其實《寄生蟲》是一部看了前五分鐘就能大概理解其中心思想的電影,但這不妨礙它是一個好劇本的事實。鏡頭語言很有感染力,演員表演很有說服力,敘事節奏不緊不慢正正好好。可以說是給當代觀影環境答出滿分的標準答案。
當然它很酷,但是這不是我喜歡的電影。我覺得它在很多地方做過頭了。很多地方沒有必要、過於戲劇性且太過拖沓——我不知道是否在當代社會,不努力嘶吼就不能受到關註。太過了。這就是我不喜歡的原因。
最後的最後,片中兒子給出的答案是「要變得有錢」。豆瓣上的高贊評論說「這個電影中富人什麽都沒做錯,但是就是讓人恨他們」。錢是最終的問題嗎?顯然不是。有更多的問題被纏繞在這個被異化了的社會構架中。錢只是其中很表面、很膚淺的元素而已。可是通過這些回應,你看到這個社會中的人是依靠著怎樣的意識形態生活的。所以這些人,一代又一代,都在重復上一代。

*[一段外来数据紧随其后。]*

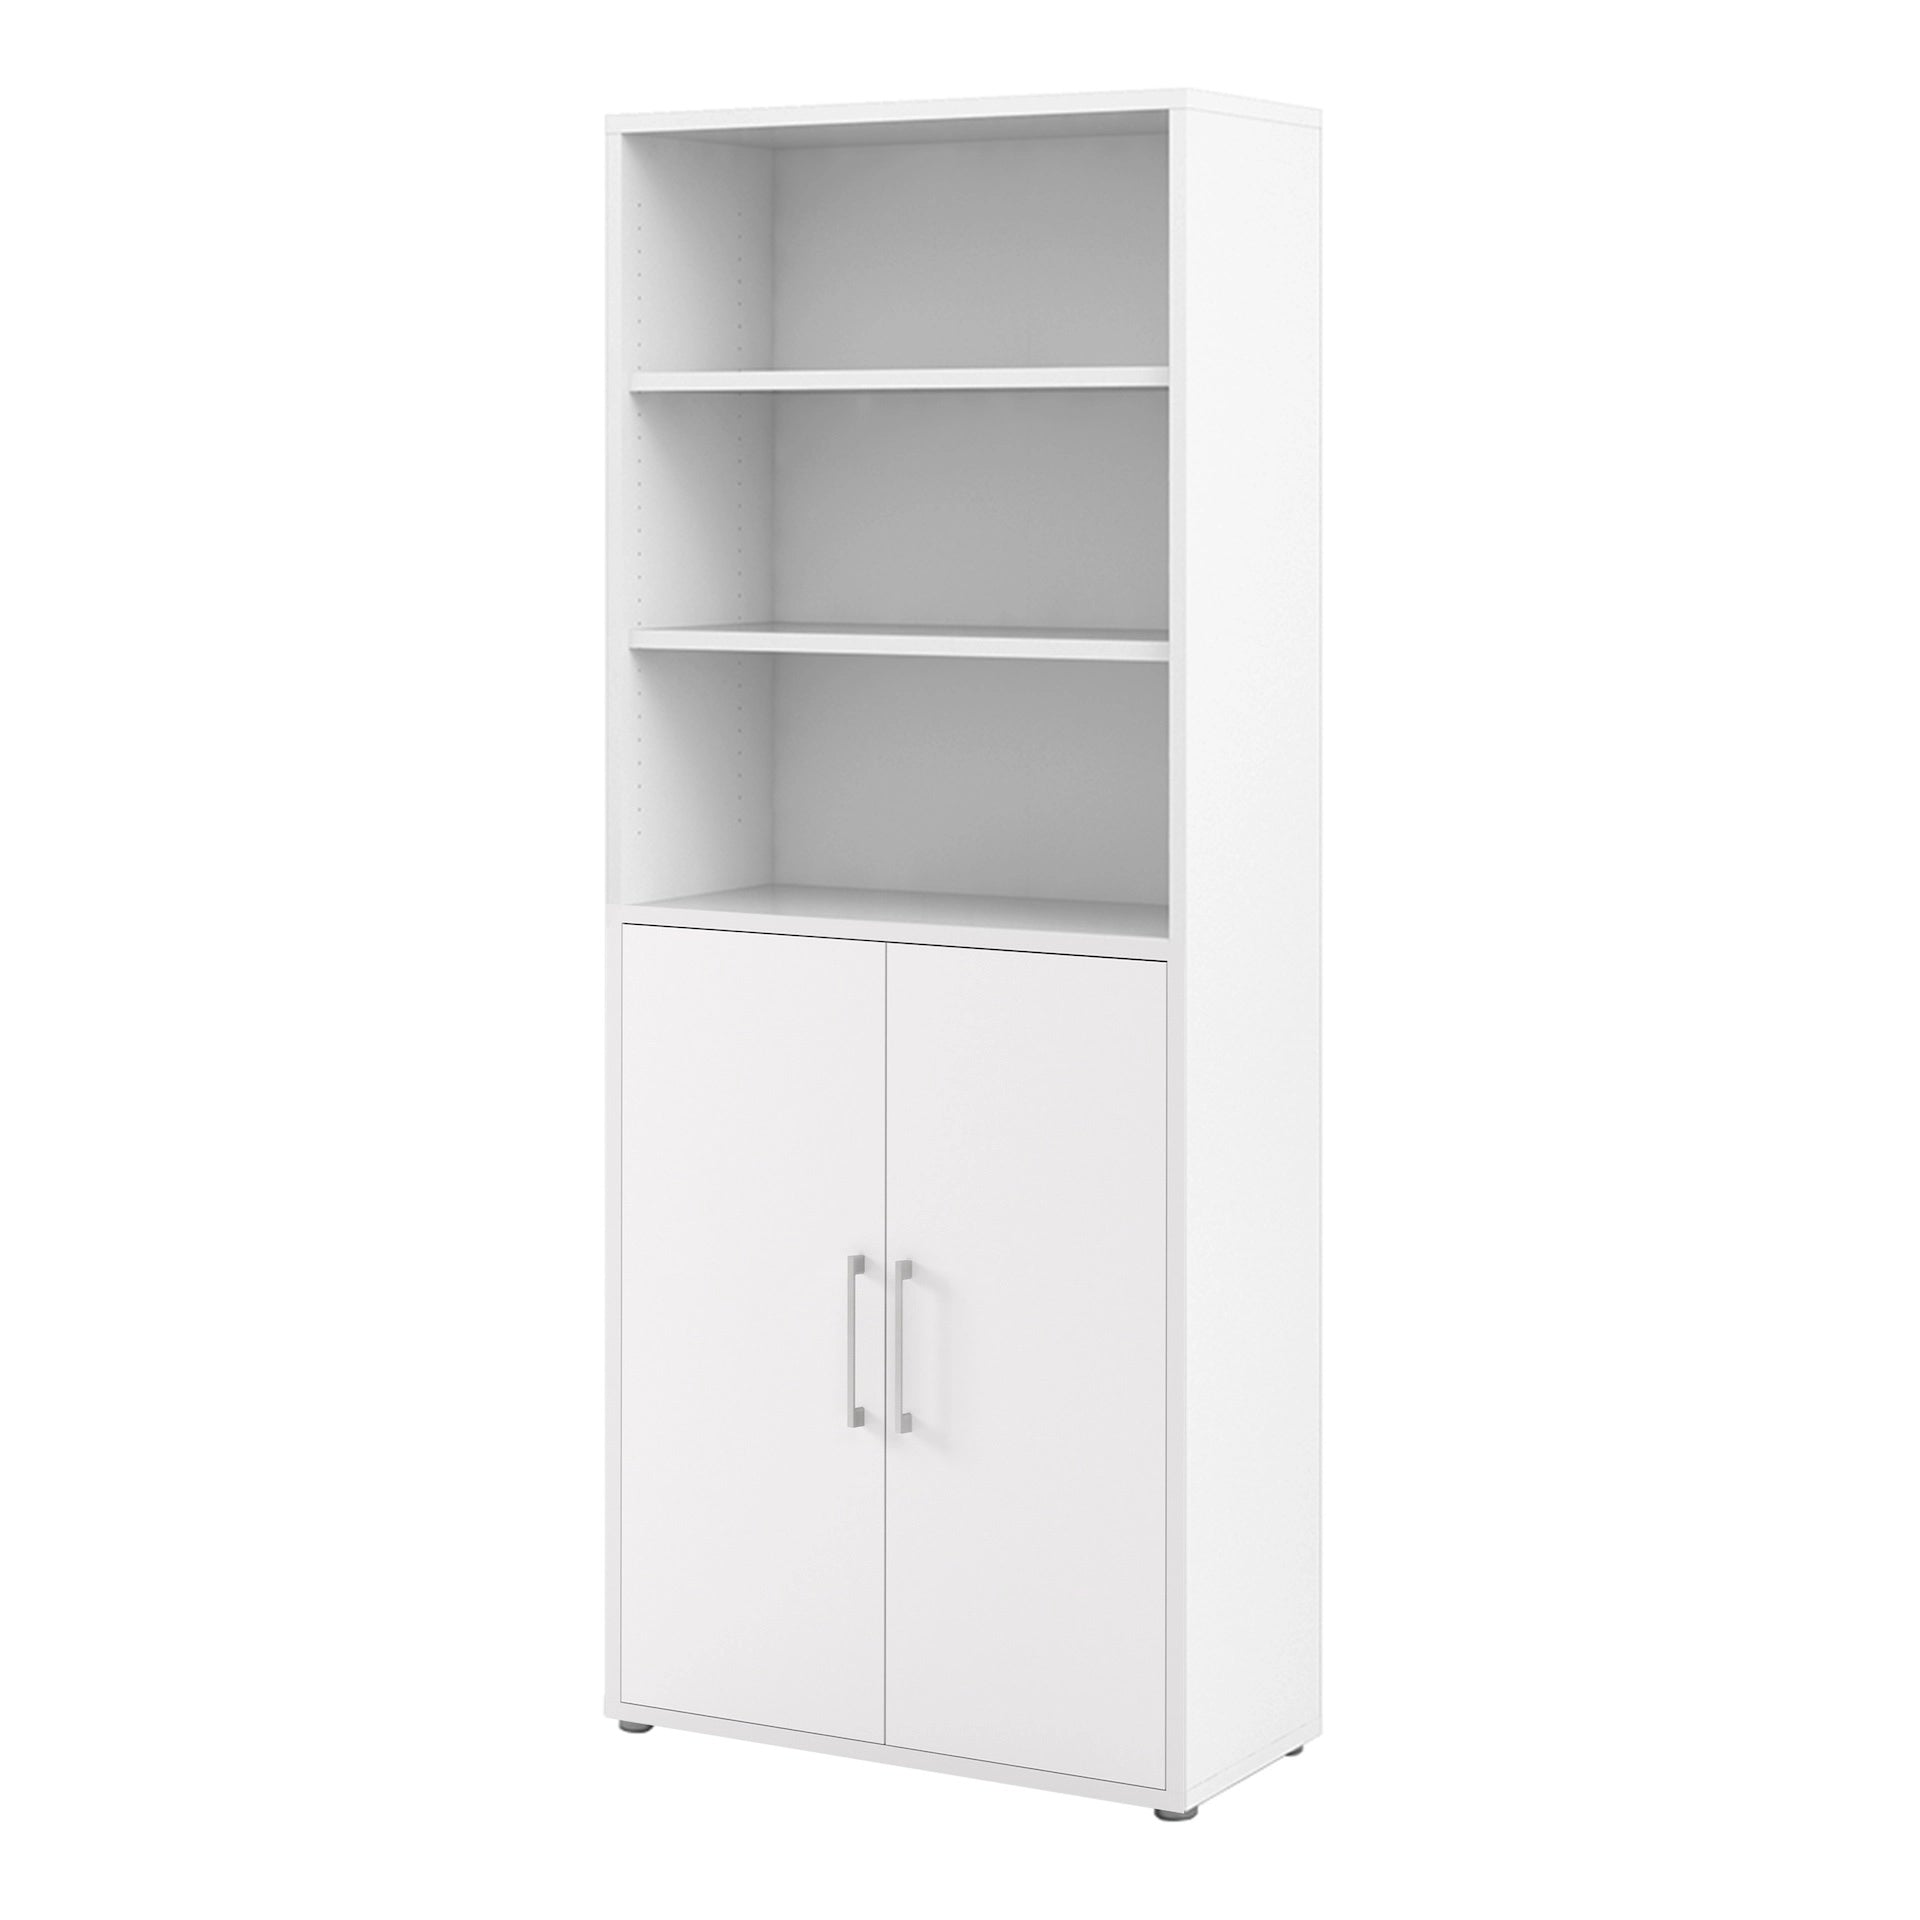 Furniture To Go Prima Bookcase 4 Shelves with 2 Doors in White

它是一部很好的商業電影。但這不代表它是一部好電影。近幾年因為一部電影走進電影院的機會越來越少了。打開Fandango,清一色都是製作精良的商業作品,大部分是漫威和迪斯尼。可看的很少了。有的時候在家裏搭小電影院。在電影節的時候才會買一大疊電影票,整天泡在電影院裏。
不是說商業電影不好,而是說他們的娛樂性遠大過於電影本質性的一些東西。娛樂性的目的指向消費:消費作品,消費製作,消費觀念。就像快銷品牌劣質的毛衣,還有垃圾食品的十分鐘滿足感。越來越多的人走進電影院,為的是兩個小時的歡笑和刺激。他們想要舒服的大沙發,一大份爆米花和還說得過去的故事,而不是電影。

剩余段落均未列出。